Number of squareful arrays
You are given an Array/List Arr of non-negative integers. Your task is to return the number of Squareful permutations of the array.
An array is called Squareful if the sum of every pair of adjacent elements is a perfect square.
Example
ARR[1,3,6] is a Squareful array as 1+3=4 i.e. 2^2 , 3+6=9 i.e. 3^2.
Two permutations ARR1 and ARR2, are different from each other if there exit an index i such that ARR1[i] != ARR2[i].
Example:
[1,6,3] and [6,1,3] are different permutations.
Input format
The first line contains an integer ‘N’, representing the array’s size.

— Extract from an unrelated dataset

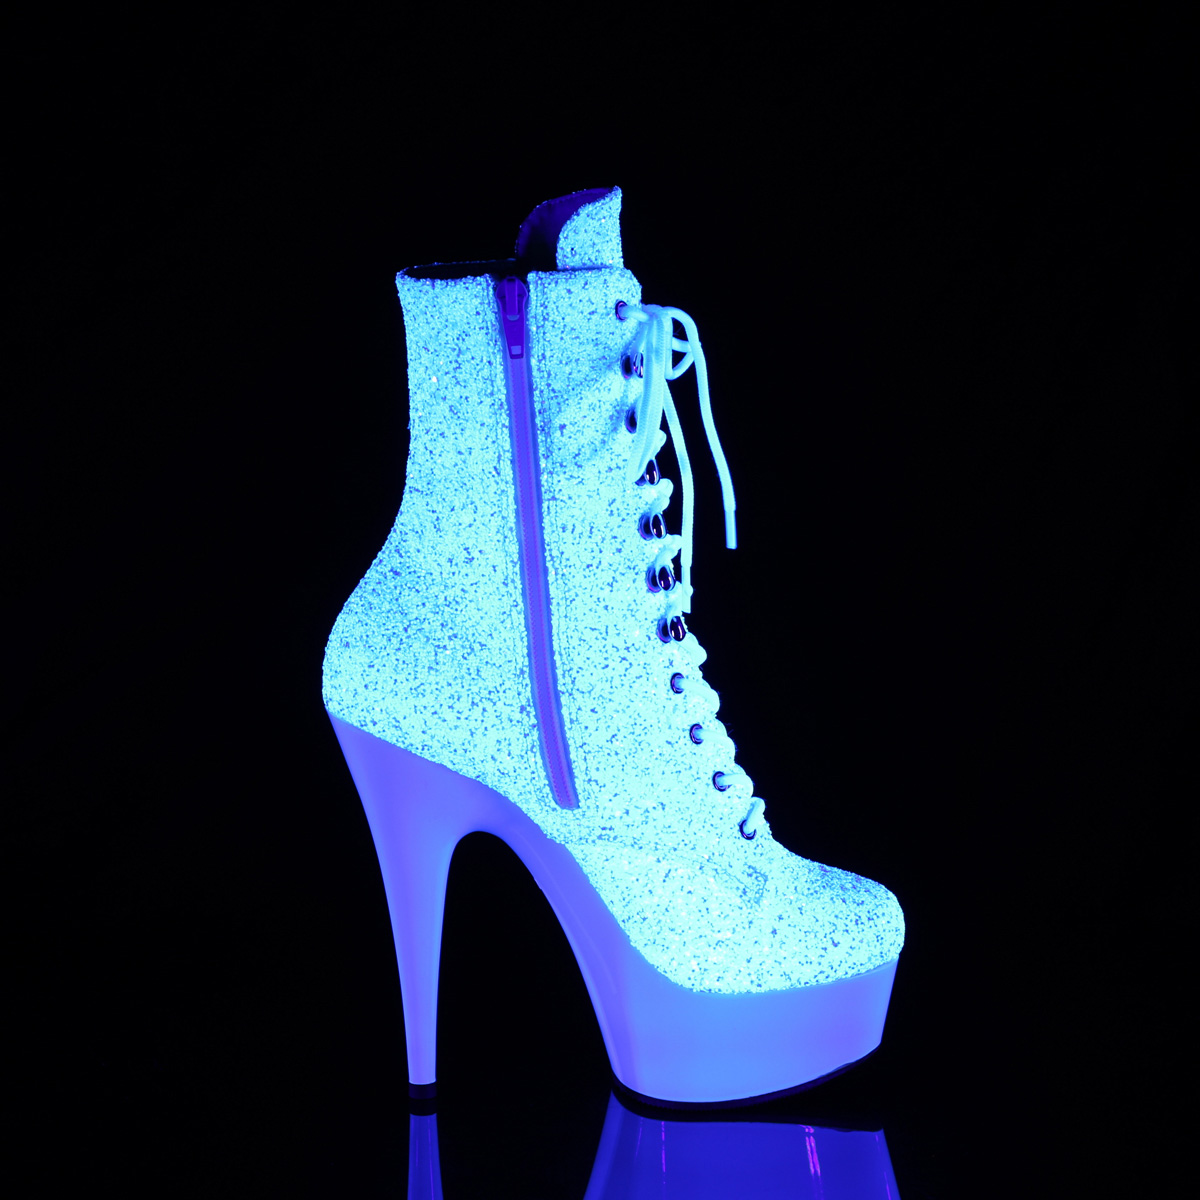 Womens LED Light Up Platform Sandals Clear Transparent High Heel Stripper  Shoes From Nickyoung07, $23.89 | DHgate.Com

The second contains 'N' space-separated integers, denoting the elements of the array.
Output format
For each test case, return an integer denoting the number of Squareful Permutation of array ARR.
Note:
You don’t need to print anything or take input; it already has been taken care of. Just implement the function.
Constraints:-
1 <= N <= 12
0 <= ARR[i] <= 10^4 , where 0 <= i < N
Time limit: 1 sec
In this approach, we will check all the permutations of the array. And for each permutation in array ‘ARR’, check if ARR[i]+ARR[i+1] is a perfect square. If it is a perfect square, then increase the answer by 1. Return answer.
Algorithm:-
- Function for checking if a specific permutation of ‘ARR’ is Squareful or not.

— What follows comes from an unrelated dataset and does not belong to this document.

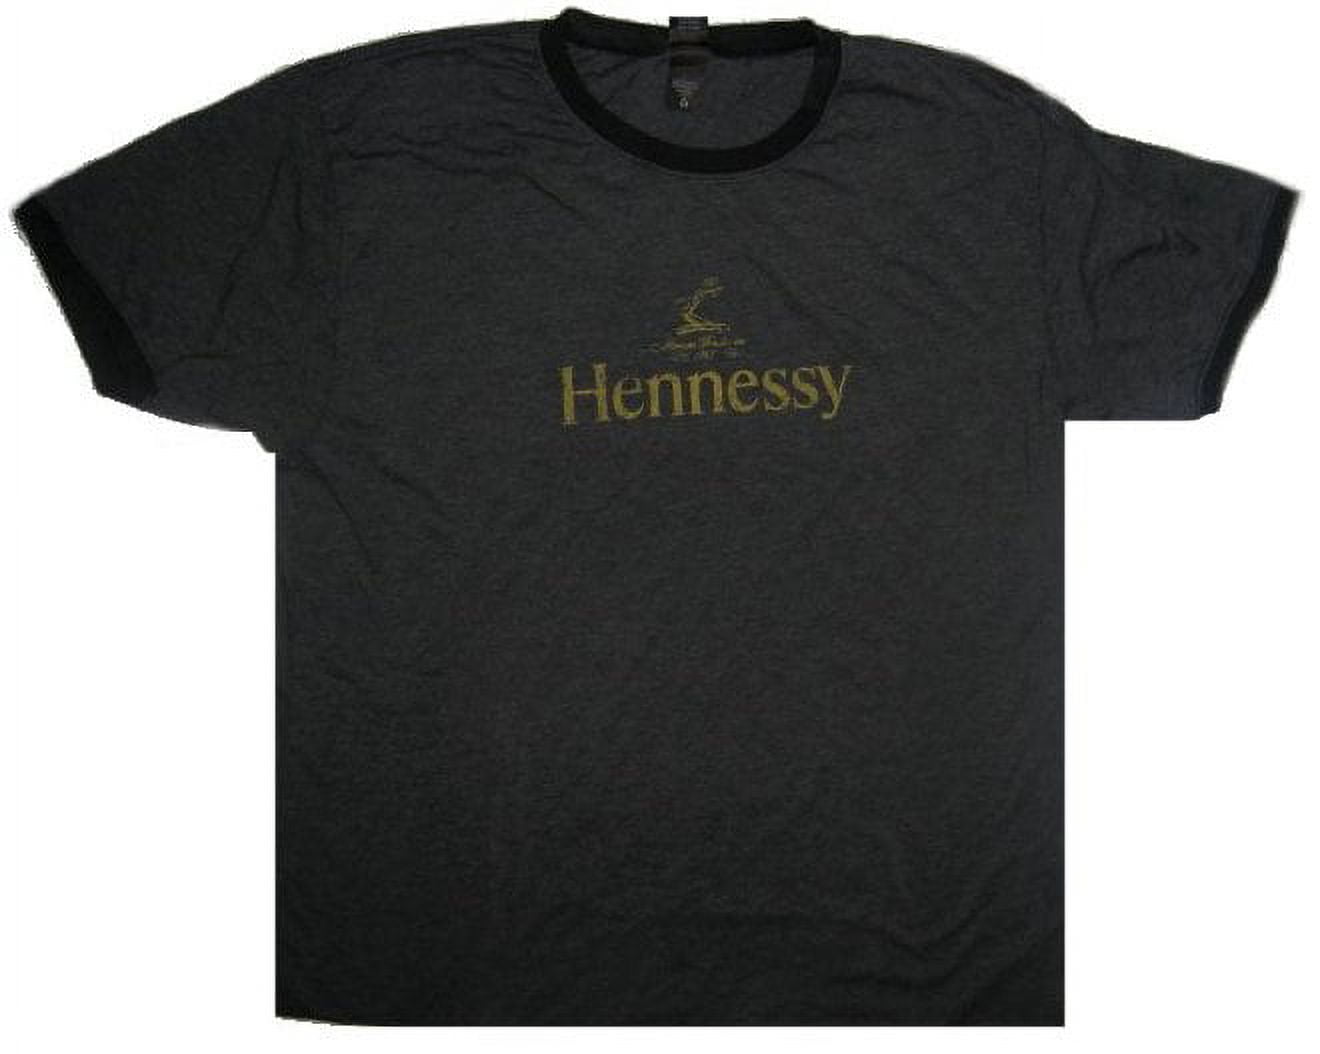 Hennessy V.S Cognac Maison Fondee 1765 T Shirt Gray and Gold Imprint XL NEW

- Make a function bool CHECK(vector<int> &ARR)
- Iterate ‘i’ from 0 to length of ‘ARR’.
- If floor(sqrt( ARR[i] + ARR[i+1] ))!=ceil(sqrt(ARR[i] + ARR[i+1])), return false.
- Else return false.
- Function for counting all Squareful permutation
- Initialize an int ‘COUNT’ = 0;
- Sort the array ‘ARR’ in increasing order.

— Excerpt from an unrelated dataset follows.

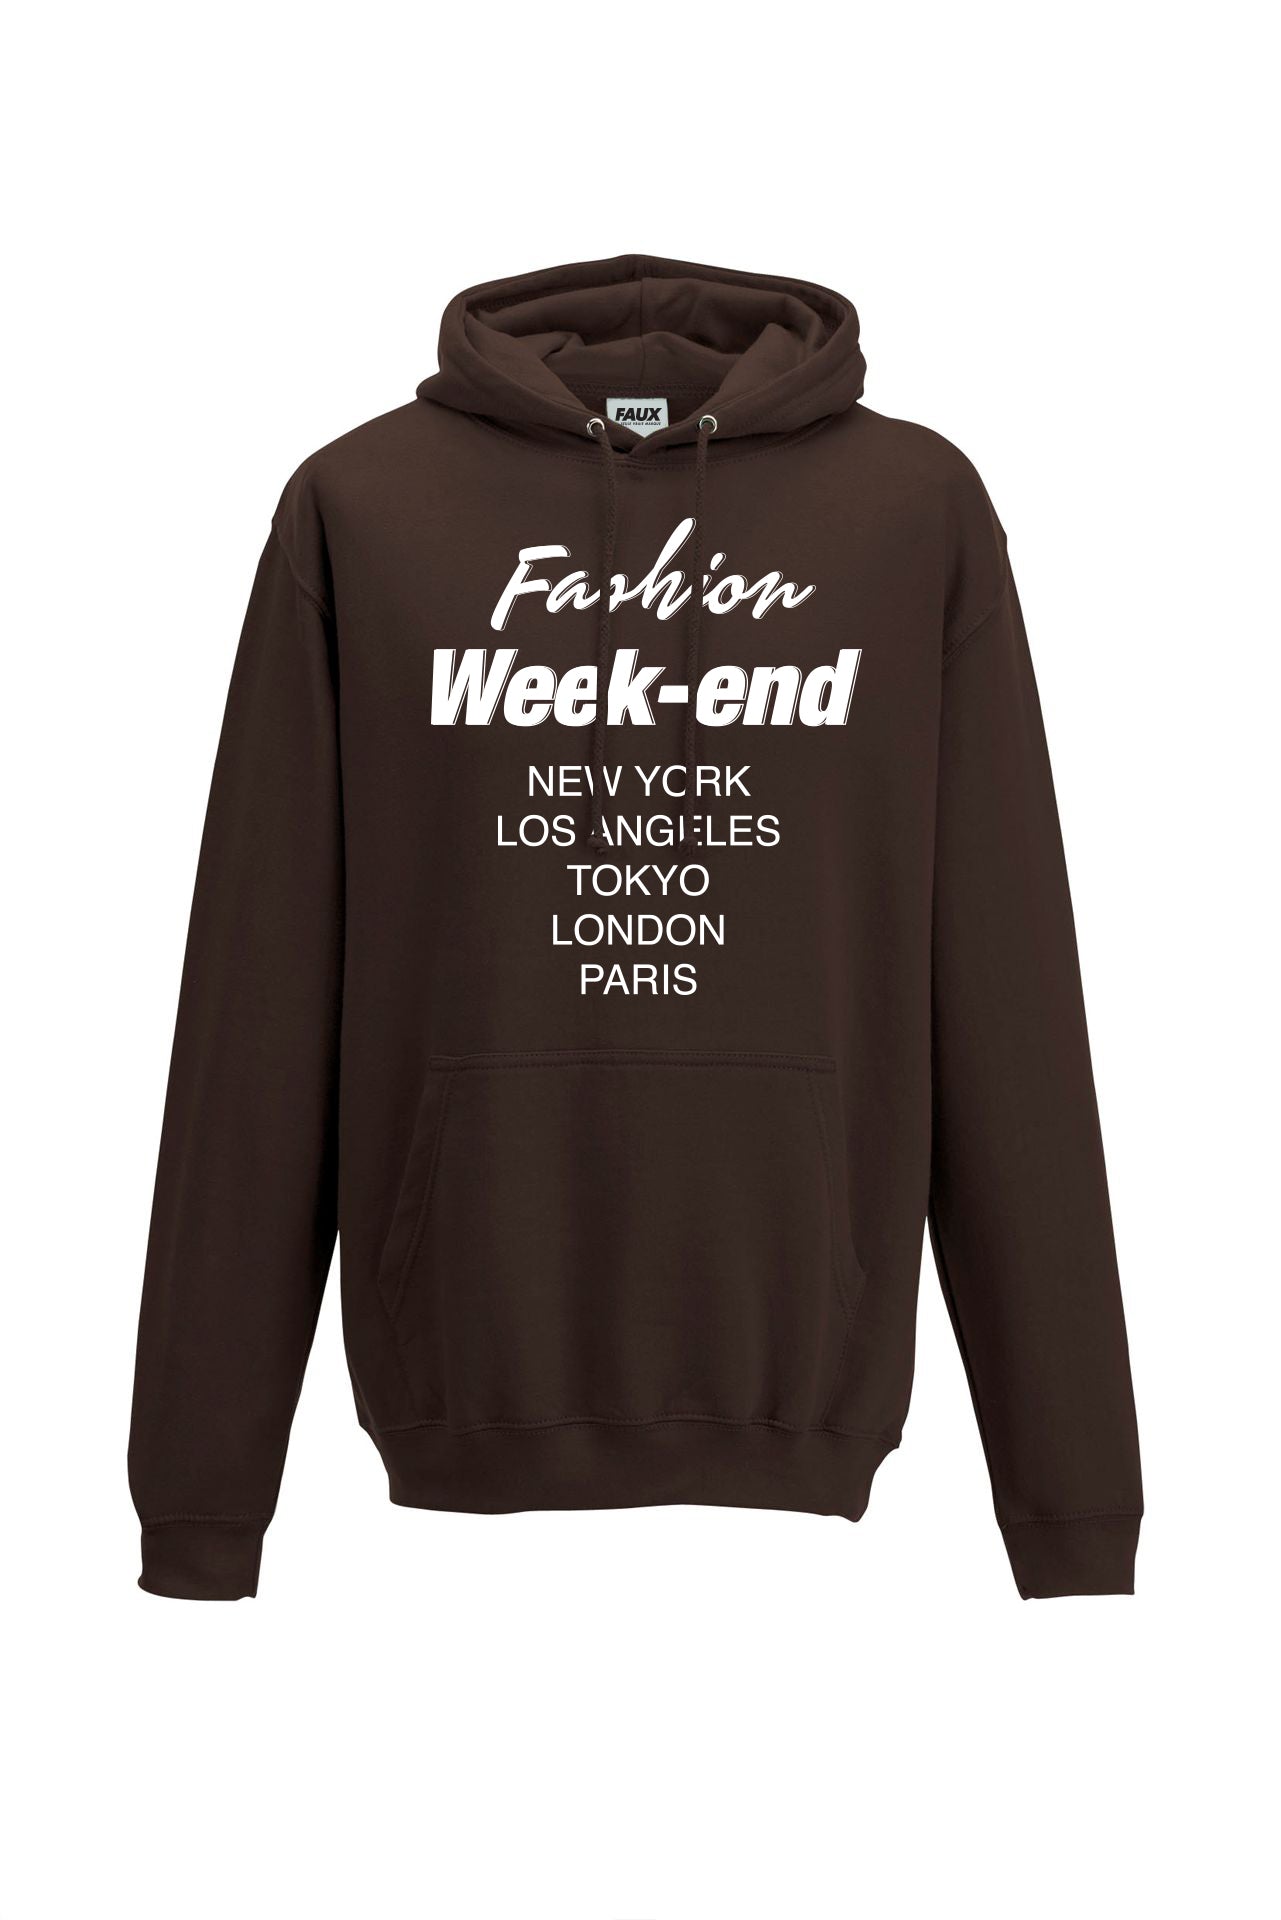 Fashion Week-end - Hoodie Deluxe-Sweat shirts-Atelier Amelot

- Run a do-while loop to check all Squareful permutations.
- do -> if CHECK(ARR) , then increase count.
- While keep checking for the next permutation of ‘ARR’.
Make a graph where an edge exit from i to j if ARR[i]+ARR[j] is a perfect square. After that count all possible Hamiltonian paths. Total hamiltonian paths will be the number of permutations that are squareful.
Hamiltonian path is a graph path between two vertices of a graph such that all visit all the vertices of the graph at least once.
We will construct the graph where an edge between ‘i’ and ‘j’ if ARR[i] + ARR[j] is a perfect square. We can use dynamic programming to check the hamiltonian paths.
Algorithm:-
- We will first ignore the repetitions and only consider the index permutations.F[S,i] represents the number of permutations when ‘S’ contains the number we had used already, ARR[i] is the last number.
- ‘S’ is a binary number where each bit represents where ‘i’ exits or not.
- Initially F[1<<i, i]=1. Other states are 0.
- Then we will enumerate ‘j’ at each time.
- If ‘j’ is not is ‘S’ and ARR[i]+ARR[j] is perfect square then,
- F[S|1<<j, j] += F[S,i]
- If ‘j’ is not is ‘S’ and ARR[i]+ARR[j] is perfect square then,
- Intialise an int ‘ANS’ = 0,
- Iterate on ‘i’ from 0 to ‘N’, where ‘N’ is size of ‘ARR’.
- Then , ‘ANS’ += F[(1<<N) - 1, i]
- We need to count repeated elements only one , so divide ‘ANS’ from factorial of count of each number in ‘ARR’.